Thursday, May 2nd, 2013

As has been mostly disseminated, JavaScript, being a dynamic, prototypal language, affords developers the ability to design outside the rigid confines inherent to statically typed languages. Interestingly, perhaps even somewhat paradoxically, this same flexibility also allows for programmatically simulating specific features commonly found in statically typed languages, if desired.

While JavaScript does not have a traditional type system, nor does it provide traditional constructs by which user defined types are specified, it is still, necessarily so, a common and desirable design goal to implement a system with the notion of classes in order to provide data types which encapsulate domain logic and facilitate reuse; both of which being key design attributes which help mitigate the complexity of large applications.

Nearly all JavaScript MV* frameworks provide such facilities, and do so in a consistent and convenient manner; most of which allowing for practical circumvention of the prototype system almost entirely. It is also worth noting that while most libraries themselves are generally implemented in the succinct and terse, large applications typically call for a more traditional object oriented design, while also being prudent to do so in alignment with the conventions and idioms particular to JavaScript itself.

Abstraction

At times it will be necessary to design a system with reusable abstractions. In fact, it is quite hard to imagine a modern SPA of even marginal complexity as being maintainable without some level of base class functionality.

For instance, it can be particularly useful to implement base Models and Collections which provide general functionality common amongst all Models and Collections; such as the parsing and appropriate routing of service API exceptions to error callbacks, and successful service results to success callbacks, and so forth.

Since such base classes generally do not provide any concrete behaviors themselves (hence the abstraction), they are of considerable value, specifically when reused amongst various large scale, distributed projects; and, from a design perspective, it is often important for one to ensure such classes are only used as intended.

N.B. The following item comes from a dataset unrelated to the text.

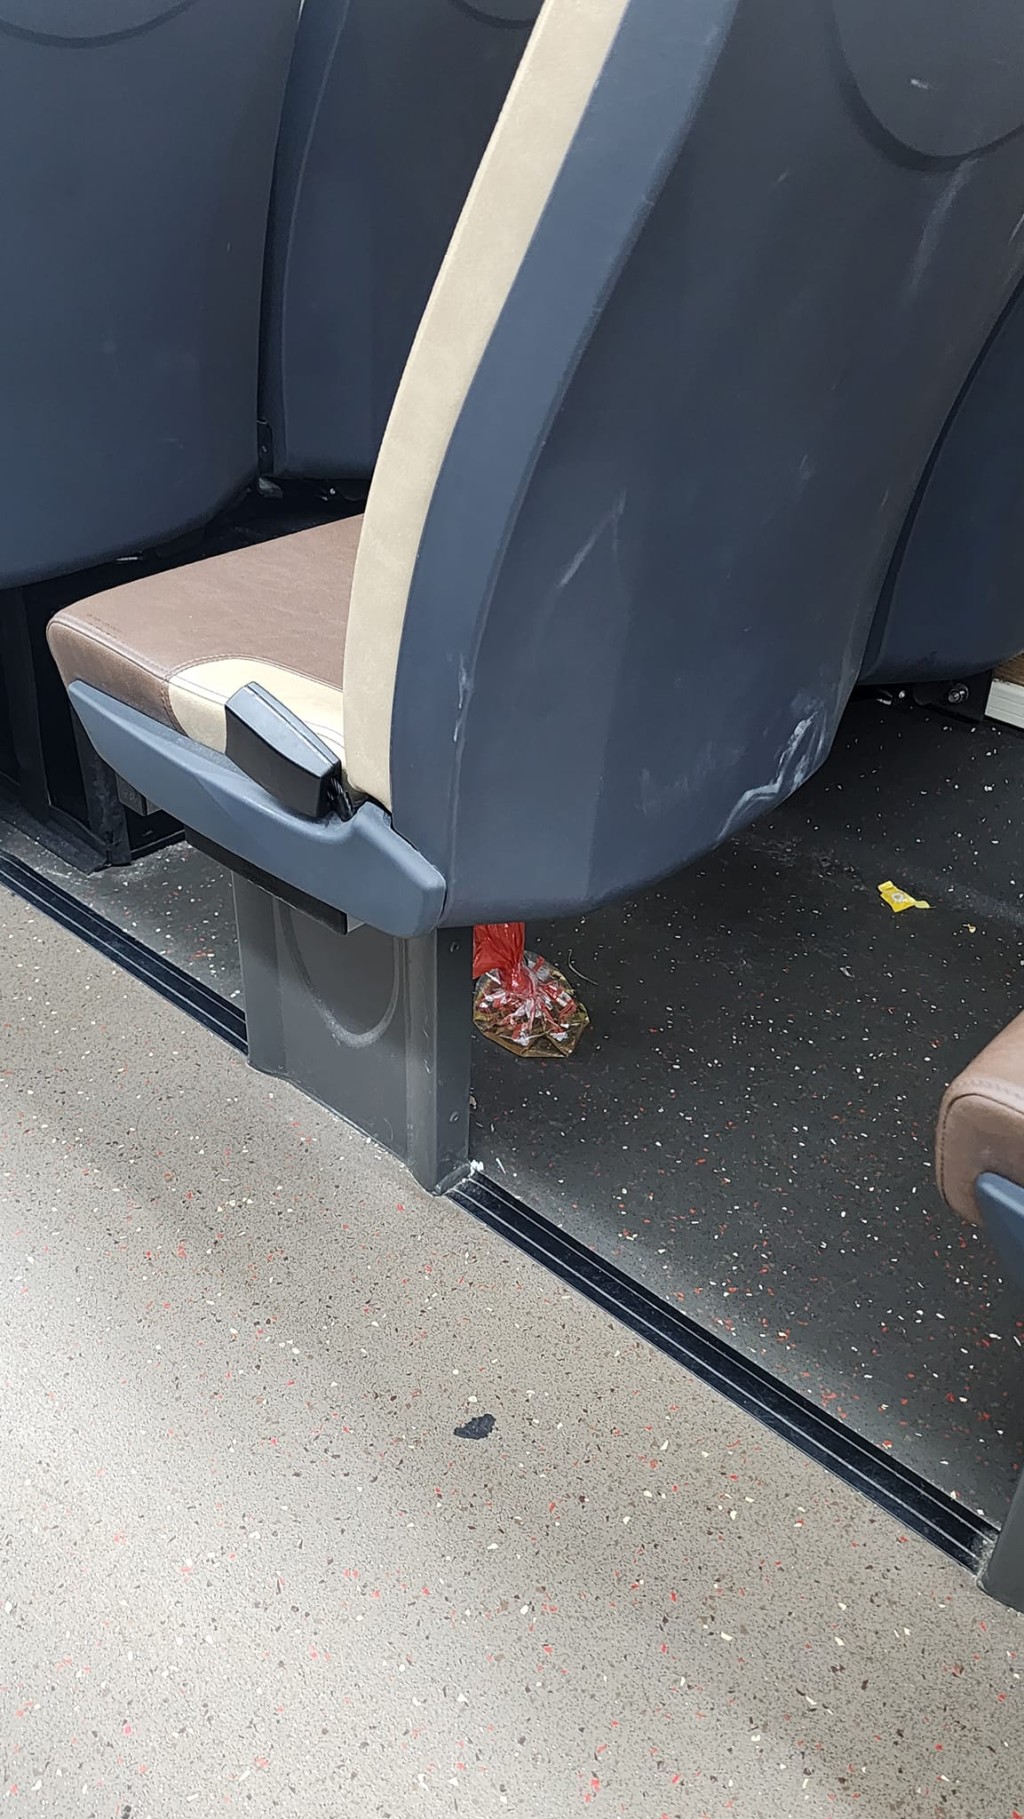 巴士椅子下有一個晶瑩剔透的膠袋。網圖

While one can convey the intended usage of a base class easily enough simply by means of comments alone, indicating their usage as such (and that is quite fine if you prefer), it is also just as easy to ensure base classes are only used as intended programmatically by implementing a simple conditional which checks an instance’s constructor against the base class’ constructor function. For example (in the context of backbone, though any framework applies):


var SomeBaseModel = Backbone.Model.extend({
  initialize: function() {
    if (this.constructor === SomeBaseModel){
      throw new Error('SomeBaseModel must be extended');
    }      
    console.log('SomeBaseModel.initialize');
    ...
  }
  ...
});

new SomeBaseModel();
// ReferenceError: SomeBaseModel must be extended

var SomeBaseModel = Backbone.Model.extend({

initialize: function() {

if (this.constructor === SomeBaseModel){

throw new Error('SomeBaseModel must be extended');

}

console.log('SomeBaseModel.initialize');

...

}

...

});

new SomeBaseModel();

// ReferenceError: SomeBaseModel must be extended

Then, one can simply extend the base class, invoking defaults as needed:


var SomeModel = SomeBaseModel.extend({
  _super: SomeBaseModel.prototype,
  initialize: function() {
    this._super.initialize.call(this);
    console.log('SomeModel.initialize');
  }
});
new SomeModel();
// SomeBaseModel.initialize 
// SomeModel.initialize

var SomeModel = SomeBaseModel.extend({

_super: SomeBaseModel.prototype,

initialize: function() {

this._super.initialize.call(this);

console.log('SomeModel.initialize');

}

});

new SomeModel();

// SomeBaseModel.initialize

// SomeModel.initialize

Concluding Thoughts

Like many in the JavaScript community, I, too, am of the opinion that JavaScript should not be made to reflect that which is common to other languages simply for the sake of familiarity; but rather, one should be prudent to leverage the flexibility inherent to the language itself, and this example serves as a demonstration of how such flexibility can be utilized to provide what a specific design calls for at the discretion of the developer.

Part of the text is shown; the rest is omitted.